Background: Torsemide is proposed to have clinically important pharmacokinetic and pharmacodynamic advantages over furosemide. However, clinical outcomes did not differ in the Torsemide Comparison with Furosemide for Management of Heart Failure (TRANSFORM) randomized trial.
Methods: We conducted a multicenter mechanistic substudy of patients with heart failure randomized to oral furosemide or torsemide (TRANSFORM-Mechanism trial). At baseline and 30 days, participants underwent detailed assessments of pharmacokinetic and pharmacodynamic parameters.

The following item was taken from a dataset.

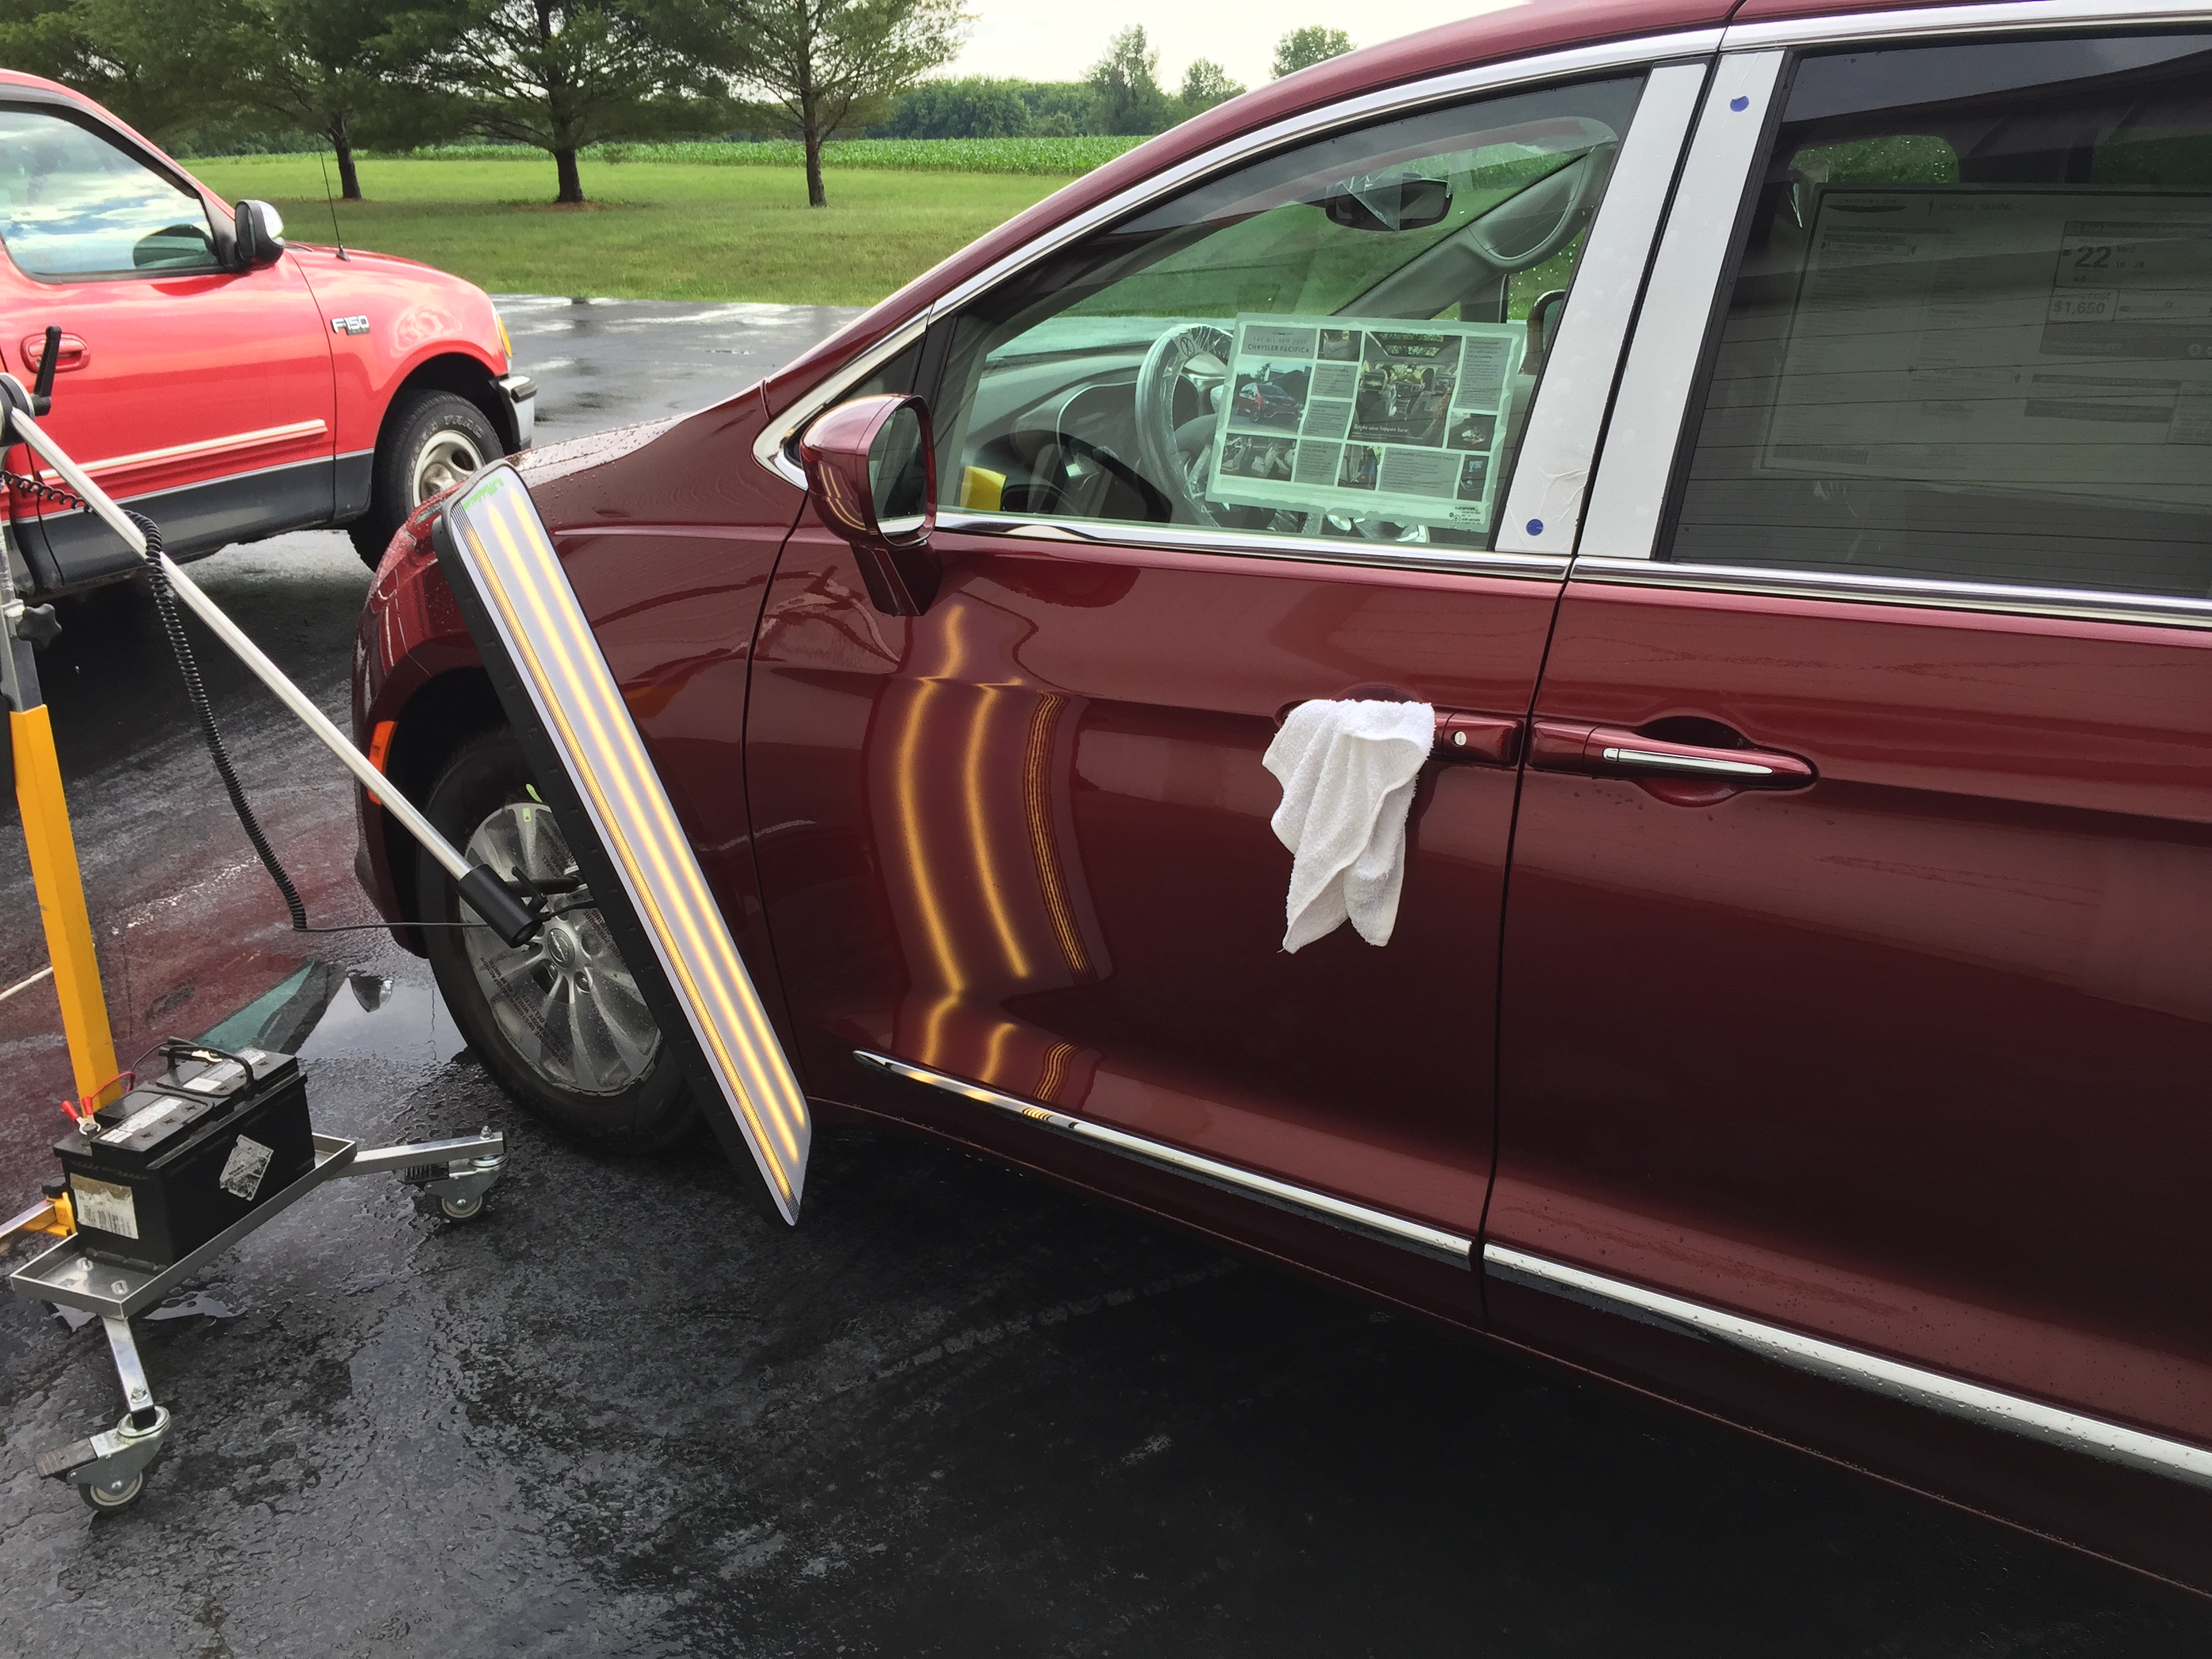 2017 Chrysler Pacifica Touring, Mobile dent Repair Springfield IL, Taylorville IL, Decatur IL, Sharp body line paintless dent repair by Michael Bocek
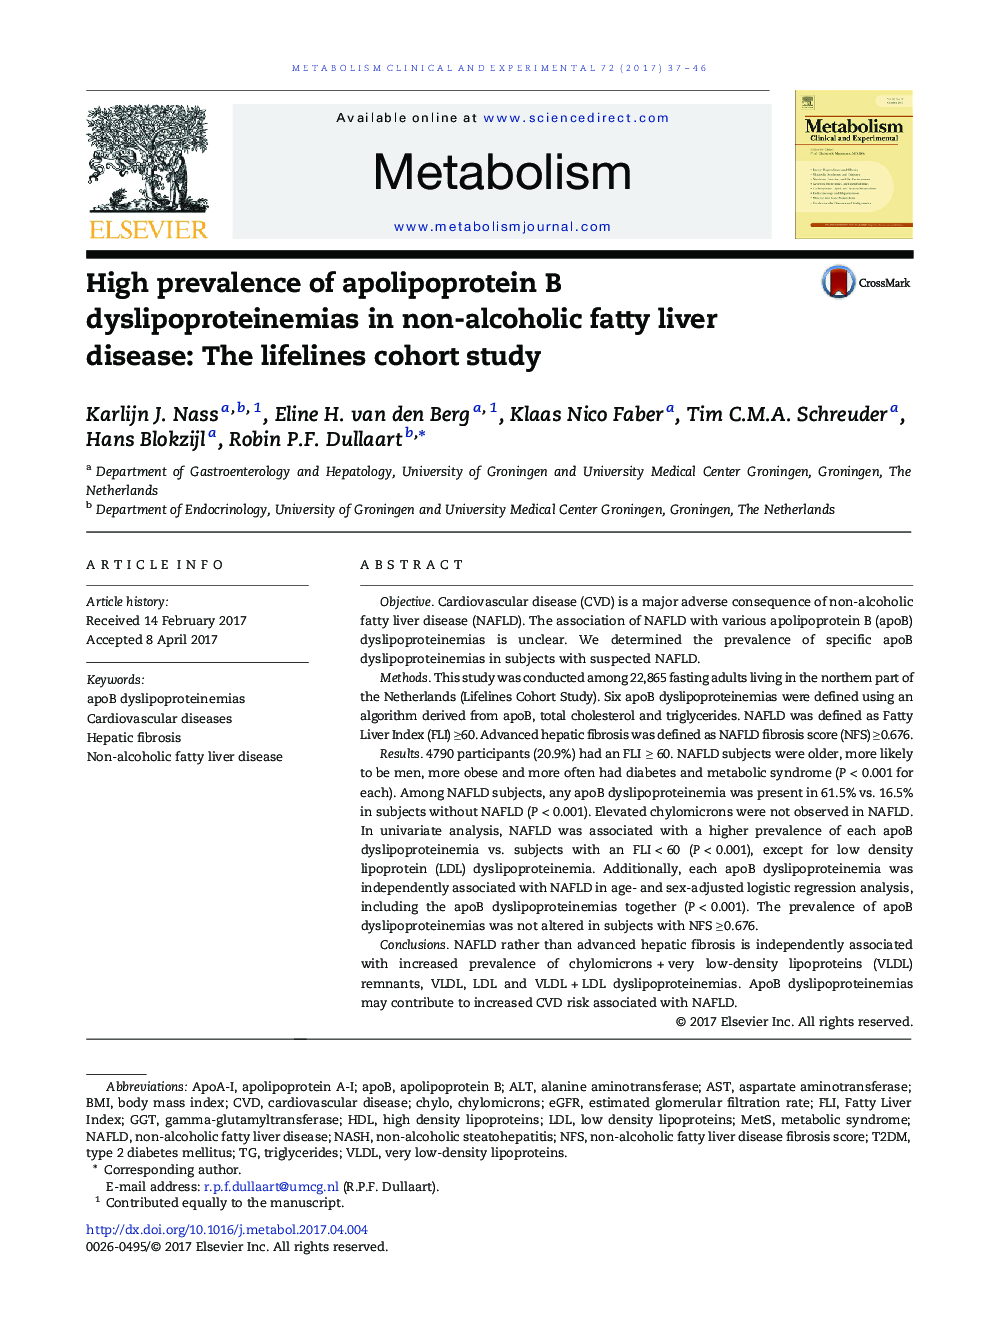 High prevalence of apolipoprotein B dyslipoproteinemias in non-alcoholic fatty liver disease: The lifelines cohort study

Results: The TRANSFORM-Mechanism trial enrolled 88 participants. Kidney bioavailability, or the proportion of dose delivered to the tubular site of action, was significantly less with torsemide compared with furosemide (median, 17.1% [interquartile range, 12.3%–23.5%] versus 24.8% [16.6%–34.1%], P < 0.001). Furosemide had a longer duration of kidney drug delivery and natriuresis (P ≤ 0.004 for both). Prescribed doses of furosemide and torsemide in the TRANSFORM-Mechanism trial were similar to the TRANSFORM trial, with clinicians on average using a 2:1 dose equivalence conversion between drugs. However, these doses resulted in a substantially greater natriuresis with torsemide (P < 0.001). A dose equivalence of approximately 4:1 resulted in similar natriuresis. Higher diuretic doses in the torsemide group resulted in mild perturbations in kidney function and significant increases in renin, aldosterone, and norepinephrine (P < 0.05 for all). Plasma volume (P = 0.52) and body weight (P = 0.89) did not improve with torsemide versus furosemide.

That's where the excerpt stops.